- [WORK TO COMPLETE]
Please restate the data below word for word, omitting all images.

- [DATA BLOCK]
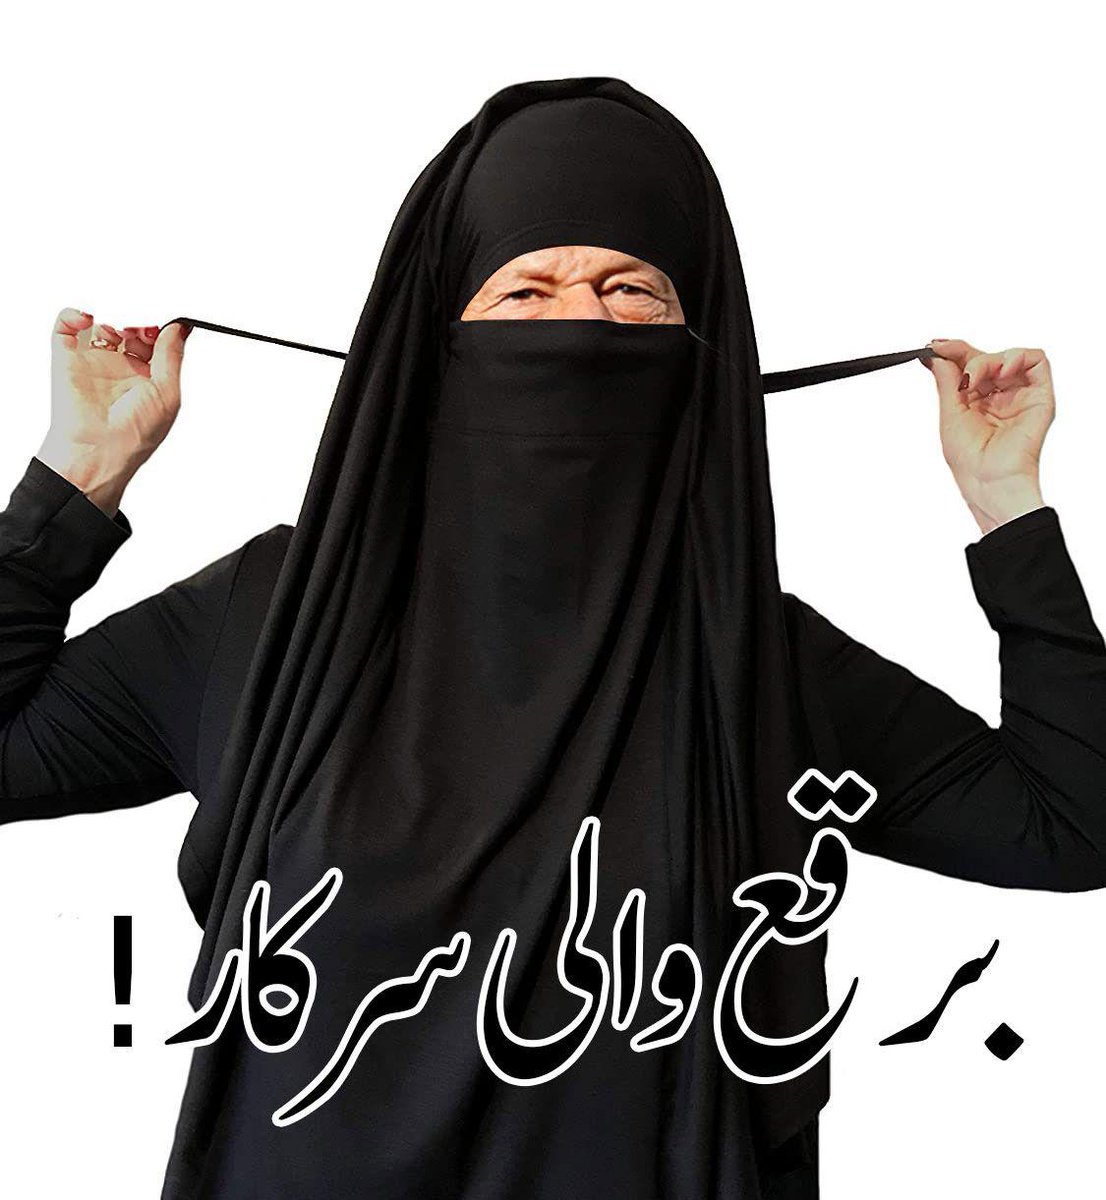 برقعہ پوش فتنے کو گرفتار کرو
@MaryamNSharif
@Shamylaroy #YMT
#گیدڑ_خان_حاضر_ہو

- [ANSWER TO THIS PROBLEM]
 برقعہ پوش فتنے کو گرفتار کرو
@MaryamNSharif
@Shamylaroy #YMT
#گیدڑ_خان_حاضر_ہو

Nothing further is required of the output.